Spécialiste des inégalités, Tony Atkinson suggère un taux d'impôt maximum porté à 50 %, dans tous les pays de cette zone.

La crise récente a-t-elle pesé sur les hauts revenus ?

Il est trop tôt pour en juger. Les données harmonisées nous manquent beaucoup, sur ce sujet. S'agissant des comptes nationaux, nous disposons de statistiques comparables, nous pouvons rapidement comparer l'évolution des PIB, mais ce n'est pas le cas s'agissant des revenus. Les délais sont importants. On peut penser que la diminution des plus-values, en 2008, a pesé sur les revenus des riches. Mais, semble-t-il, ils ont très vite regagné du terrain, si l'on en juge par les classements internationaux réalisés par la presse, tels que celui de « Forbes ». Par ailleurs, on constate un développement du « Welfare », même aux États-Unis où, contrairement à ce que l'on croit, il existe des allocations chômage.
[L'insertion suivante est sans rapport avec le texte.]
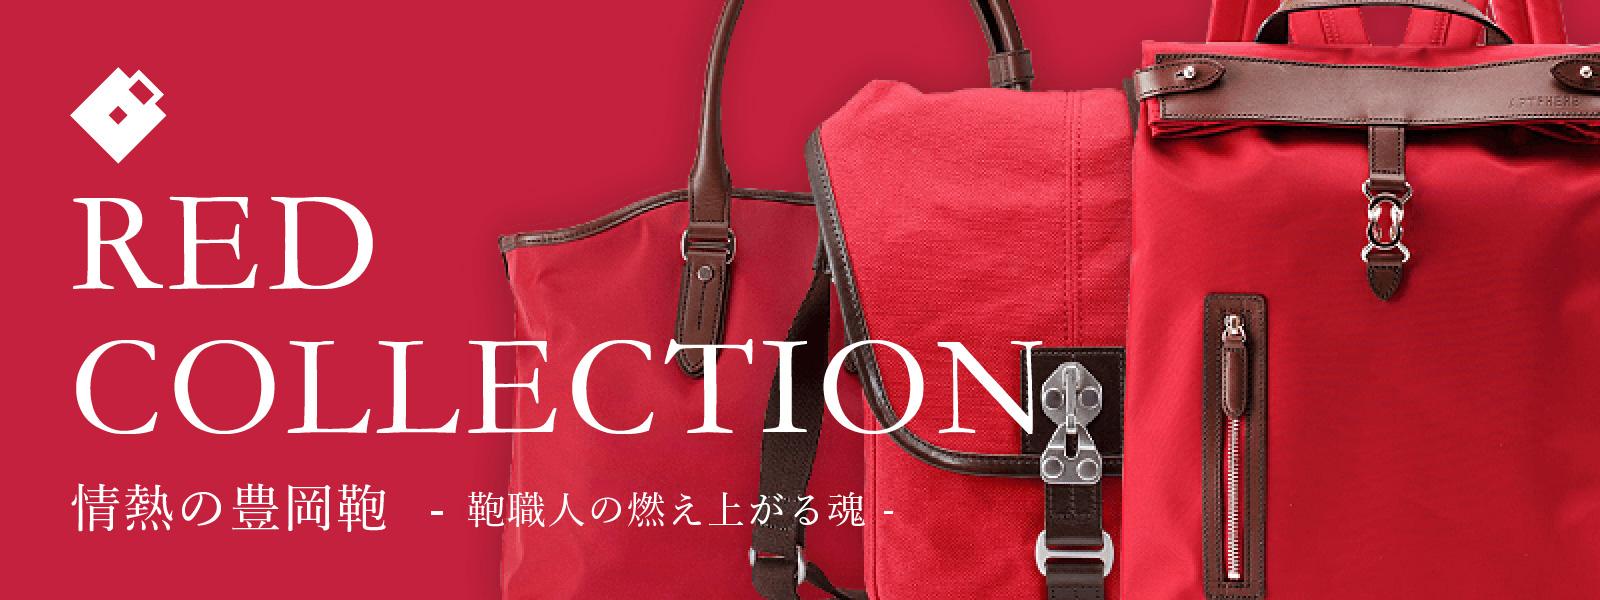 RED COLLECTION 情熱の豊岡鞄  - 鞄職人の燃え上がる魂 -

Cela contribue à réduire les inégalités.

Ces inégalités ont-elles eu un impact sur la croissance ?

Leur véritable impact a été le développement de l'injustice sociale. Il est difficile de démontrer un autre effet.

Comment diminuer les inégalités ?

Le meilleur instrument, c'est l'augmentation des impôts, du taux marginal d'impôt sur le revenu.

Jusqu'où est-il possible d'aller dans les hausses d'impôts ?

Pour éviter l'évasion, la fraude, le taux de 50 % me paraît raisonnable, un maximum. Surtout, il faudrait instituer une « world taxe authority » (autorité fiscale mondiale), qui mettrait en place une taxation globale des riches, avec des règles communes, un taux maximum commun de 50 %. Les riches y gagneraient en obtenant une moindre incertitude fiscale sur les règles en application. Les gouvernements ont réalisé d'importants progrès dans la transparence, l'information, sur des sujets comme le terrorisme. Pourquoi pas en matière fiscale ?

Faut-il convaincre tous les pays ?

On pourrait commencer par les grands pays industriels, l'OCDE. Même les Européens, à eux seuls, constitueraient un groupe de pression. Voyez la Suisse. Ils ont évolué.